La singularité de Félix Vallotton s’exprime avant tout par sa diversité. Ce paradoxe résume assez bien l’esprit de l’exposition consacrée à cet artiste tourmenté à la carrière éclectique.
Suisse émigré à Paris, Vallotton s’illustre rapidement comme graveur et dessinateur pour La Revue blanche. Ses gravures témoignent de l’acuité du regard que portait sur son temps cet engagé politique invétéré. Il aborde d’ailleurs avec la même agressivité vie publique et vie privée : la série de scènes d’intérieur (Intimités), d’une troublante modernité, recrée l’atmosphère confinée et étouffante liée, pour Vallotton, aux rapports hommes/femmes.

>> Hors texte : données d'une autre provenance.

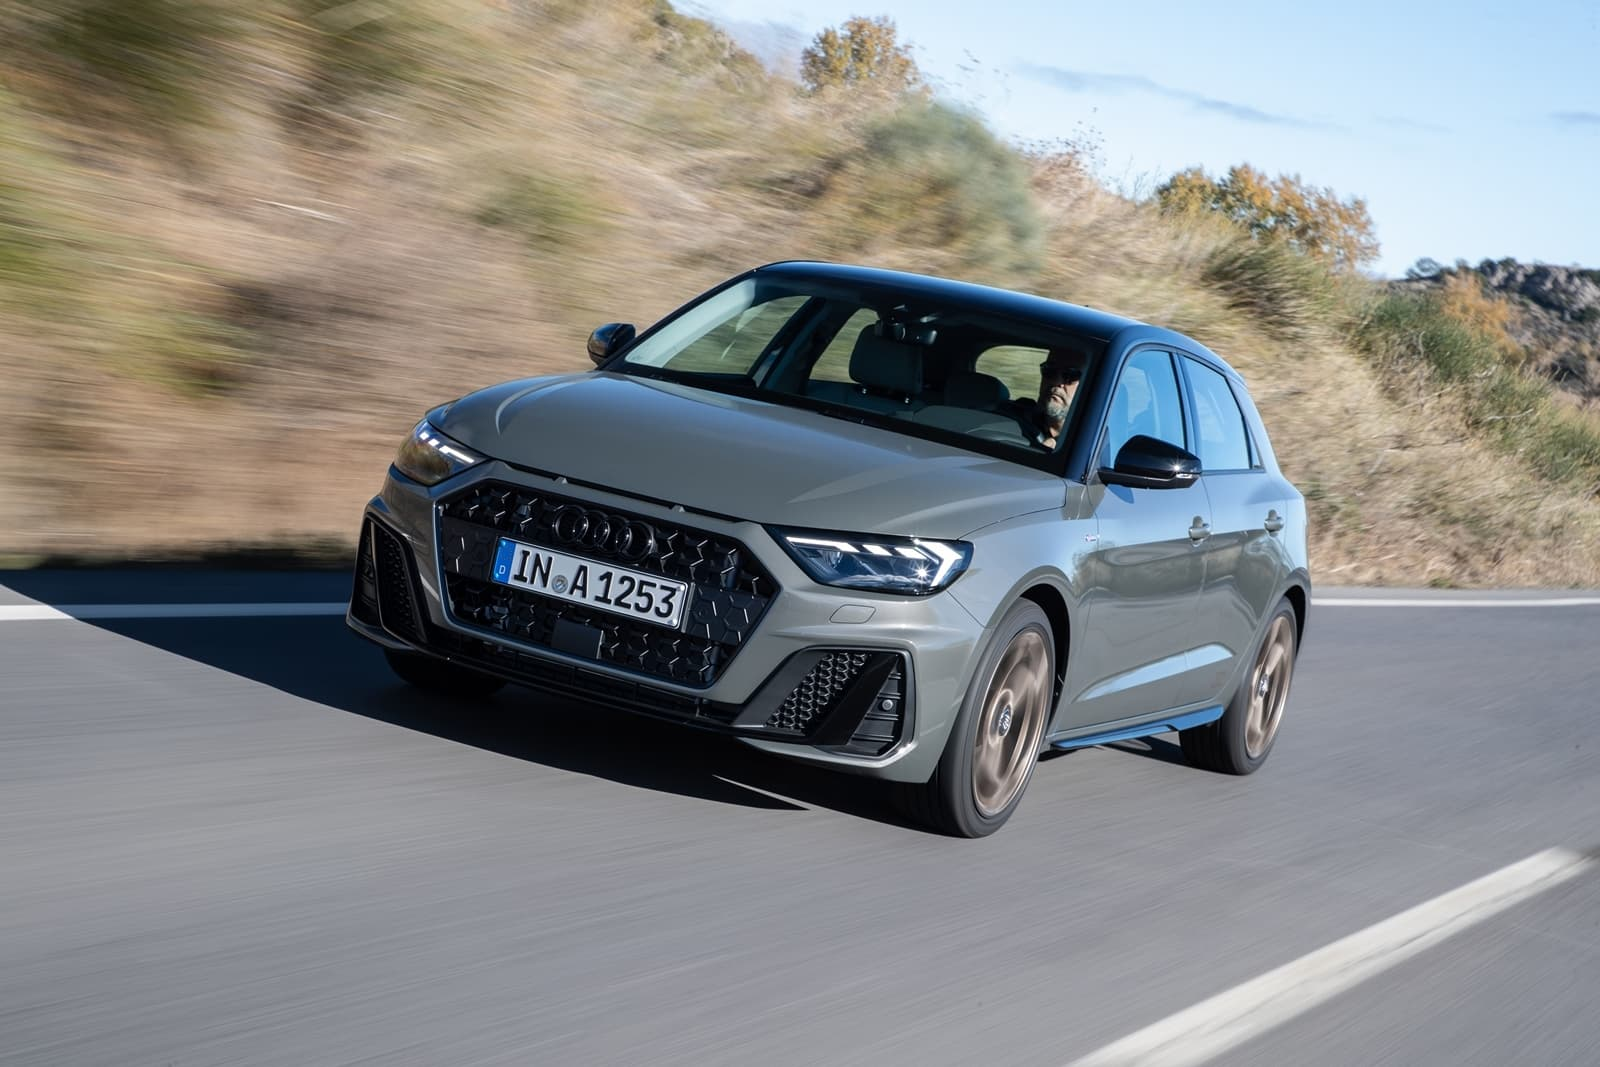 Audi A1 2019 1118 027

Inscrit à l’académie Julian, il y rencontre ses amis Pierre Bonnard, Paul Sérusier, Kerr-Xavier Roussel et Maurice Denis. Ces émules de Gauguin cherchent à se démarquer de l’impressionnisme en créant un nouveau style : le synthétisme, caractérisé par la simplification des formes et l’aplat des couleurs. Le mouvement Nabi est né. Vallotton est l’un de ses initiateurs mais, une fois de plus, il sort du rang : on ne retrouve pas dans ses peintures la confiante chaleur d’un Bonnard. Il garde au contraire une certaine distance avec son sujet. C’est particulièrement perceptible dans ses nombreux nus. Vallotton peint effectivement le corps féminin avec une précision presque irréelle dans le modelé qui fera l’admiration de ses pairs, mais on ressent comme un manque face à ces images trop parfaites qui ne laissent filtrer aucun sentiment. En revanche, dans ses compositions mythologiques, il se réapproprie des thèmes séculaires avec une subtilité et un humour piquant. Ainsi, même la scène biblique de Suzanne, espionnée au bain par deux vieillards rougeauds, prend une dimension comique.

Comme s’il craignait de lasser, Vallotton se renouvelle sans cesse. Après les scènes de batailles d’une intensité dramatique exceptionnelle, peintes de retour d’un séjour sur le front, il trouve l’apaisement et livre des paysages épurés qui semblent être l’aboutissement de ses expériences passées. Ses bords de Loire dégagent un calme irréel, magique, où l’on sent enfin pointer l’optimisme.

Eternel insatisfait, touche-à-tout, Vallotton est multiple. Déroutant aussi, puisque sa peinture n’a cessé d’évoluer et qu’il s’est essayé à des styles et à des techniques aux antipodes les uns des autres. A tel point qu’en parcourant les salles de cette exposition, on en vient à douter que toutes ces œuvres soient du même artiste. C’est pourquoi il est sans doute impossible de les aimer ou de les détester toutes. C’est précisément dans cette capacité à éveiller l’intérêt de personnalités différentes que réside la singularité de Vallotton.